上官倩兮凝眸一看,清楚的看見上面四個角分別鑲嵌着四顆夜明珠。這四顆夜明珠之間又用一顆小珍珠連接,光瞧着盒子便知曉價格不菲,更何況是裡面的寶貝。一時間,衆人都有些好奇,這銀鑠戈到底得的是一件什麼寶貝!?
兩個下人走到大殿中間,單膝跪地,微微的行了一個禮,便打開那錦盒。旁邊的人拿着一個潔白的繡帕,輕輕的取出來了一個畫軸,似乎是怕將這畫軸弄髒了!旁邊的一個人放下錦盒,用同樣的帕子拿着,兩人一起緩緩的將畫軸打開,衆人都睜大了眼睛,想一睹這千古絕畫!

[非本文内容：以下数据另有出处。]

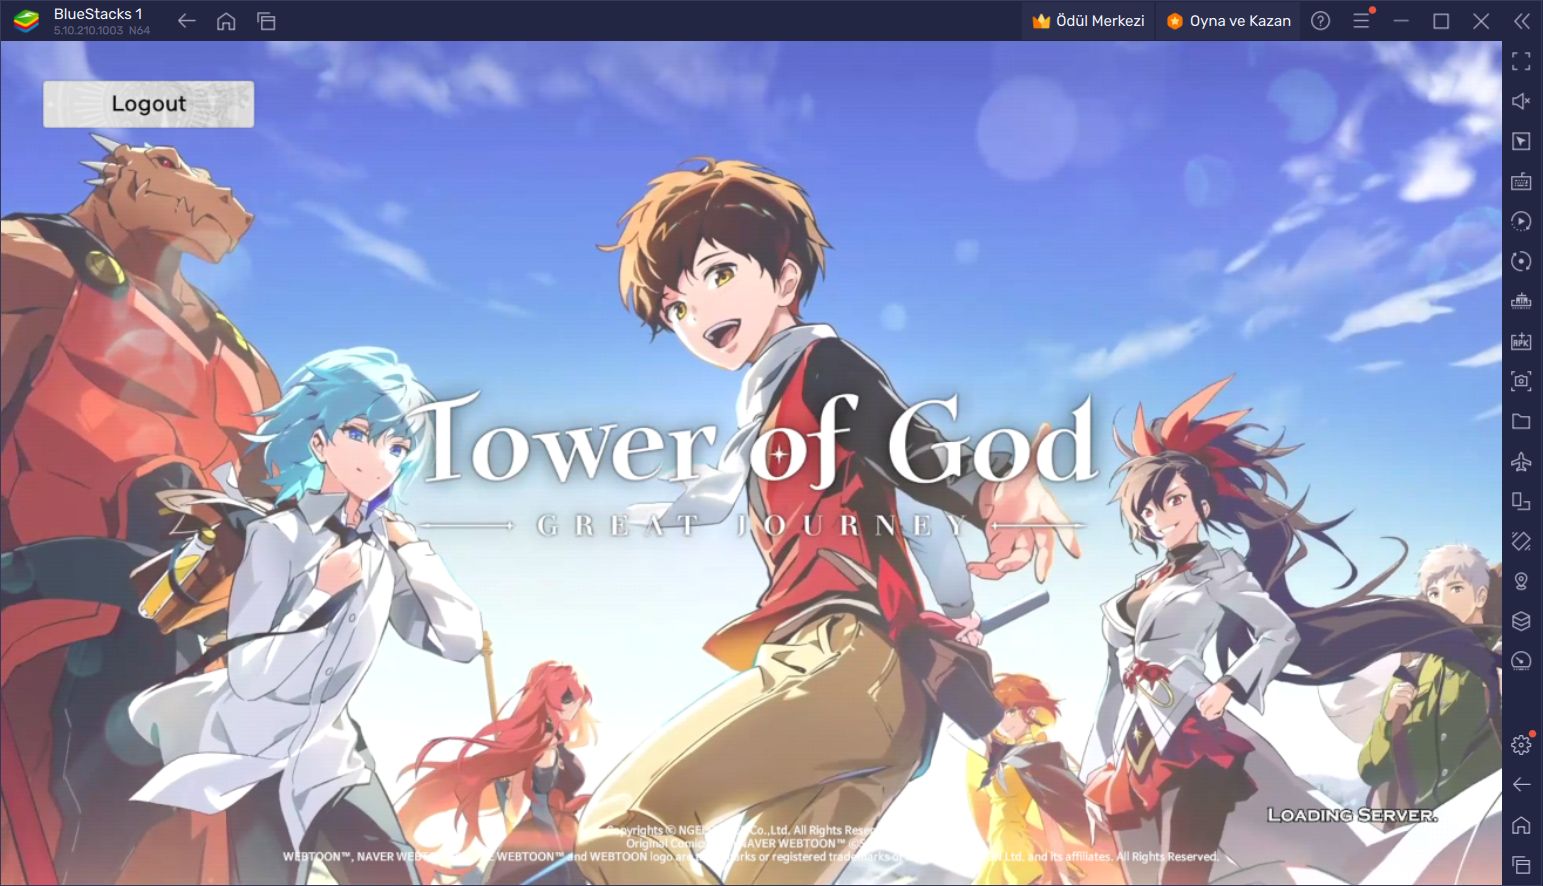 Tower of God: The Great Journey İçin Başlangıç Rehberi: Oyunun Temellerini Öğrenin
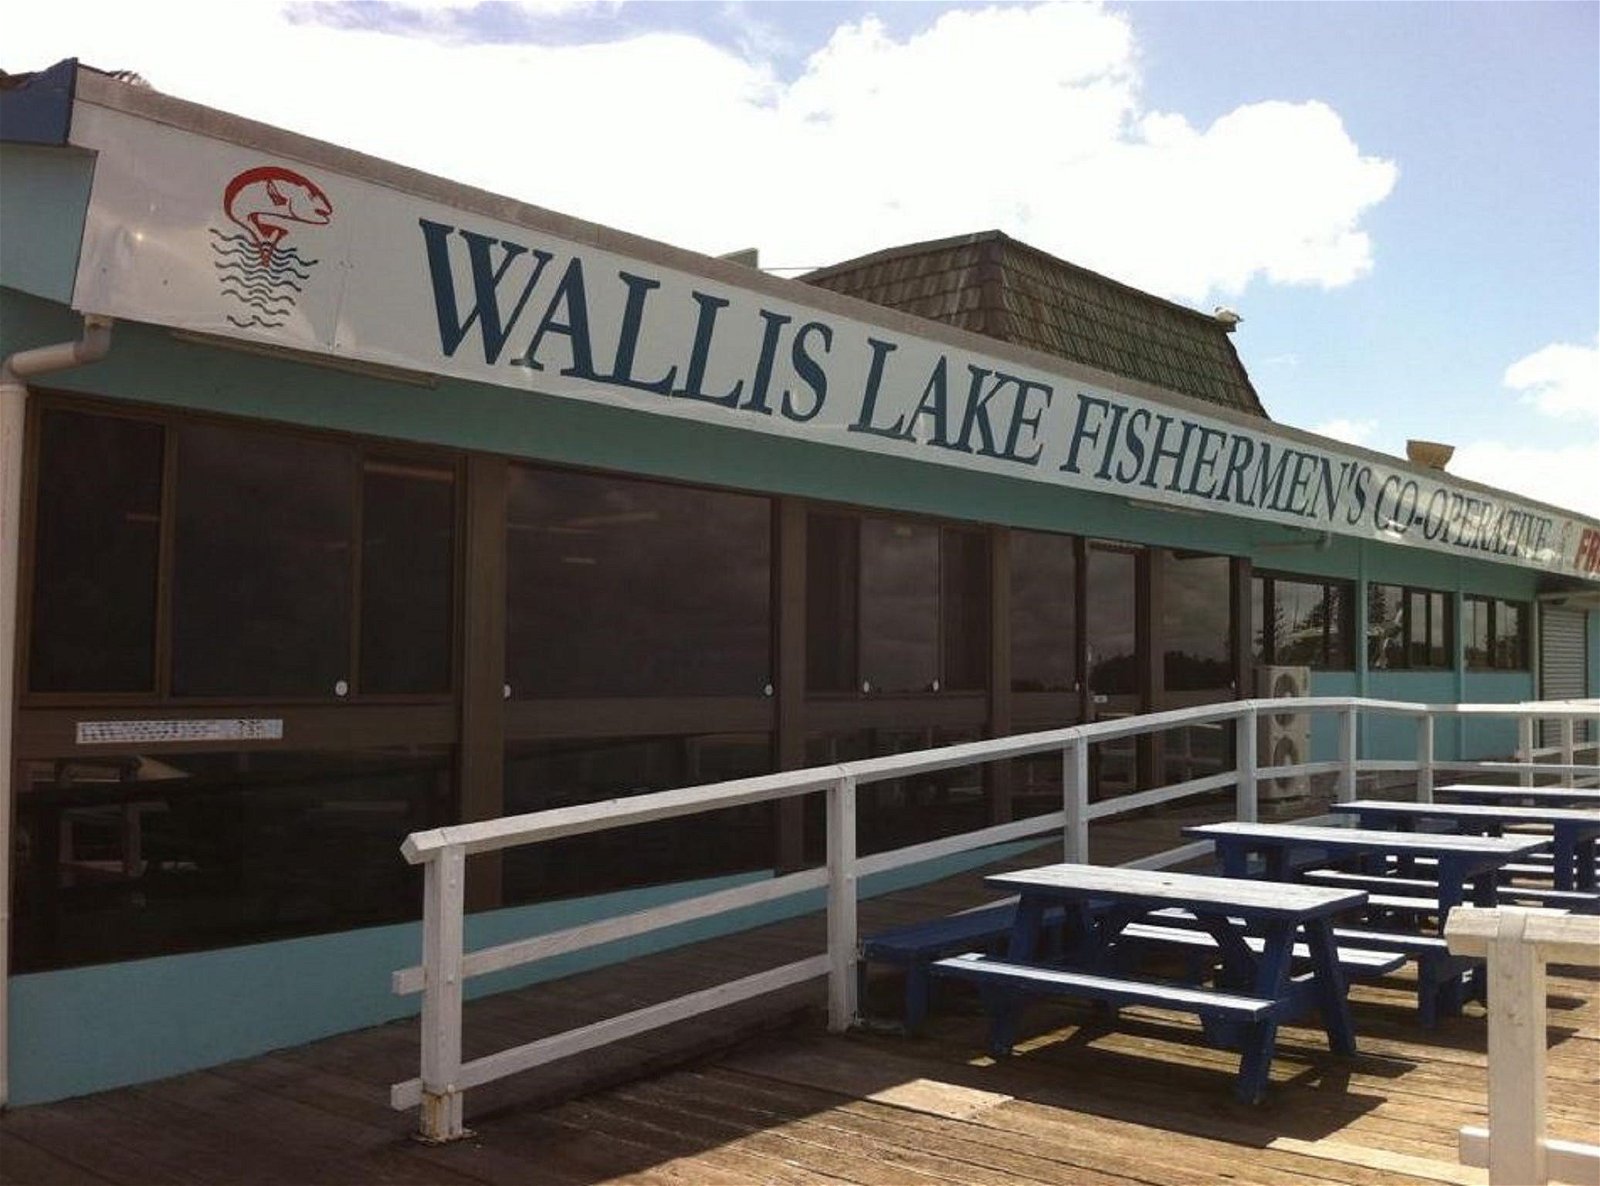 Wallis Lake Fishermans Co-op - Broome Tourism

畫軸一寸寸的展開,衆人的眼睛更大了,光看這個畫軸便知道是用千年檀木製成,這般名貴的畫軸,承載的卻只是一片白淨的畫紙,這上面根本什麼都沒有。衆人不禁遲疑不止。有些大臣不悅的看着三皇子銀鑠戈,莫不是他在戲耍衆人!?
“這副畫乃是小王途經西臧,機緣巧合下高人所贈的朝拜圖。聽說畫工細膩,乃空前絕畫,是二世達摩桑格嘉措親身所作。只可惜,縱然得了神人之畫,小王凡眼肉胎,卻終究不能一睹真跡。如今聽聞鶴淵人才濟濟,小王特意將此畫帶來,希望能得有緣人解此天機!”銀鑠戈說完,似乎幽幽的嘆了口氣,彷彿是因爲無法一睹這畫而有所遺憾!
衆人聽得銀鑠戈這般說,心中對這幅話已然有了敬意。
上官倩兮抿嘴冷冷一笑,心知這銀鑠戈的意圖很明顯。他是想讓鶴淵帝找人解了此畫的奧秘。若是解不出倒顯得鶴淵地廣人多,卻無一才,全數平庸。這本來有關風雅的事,一時間,便成了關係到鶴淵聲譽的一場較量!
“內閣大學士,你可有何看法?”皇上皺了皺眉,瞧不透這裡面的奧妙,便想着內閣大學士學富五車,見多識廣,便讓他起身一試!
內閣大學士,走到大殿中央,緊緊的皺着眉頭,手不住順着鬍鬚,蒼老的臉上卻閃着精明。他背對着上官倩兮,雖然她看不清他老人家的神色。但是卻見他站在畫前暗暗的琢磨,似乎是想到了什麼!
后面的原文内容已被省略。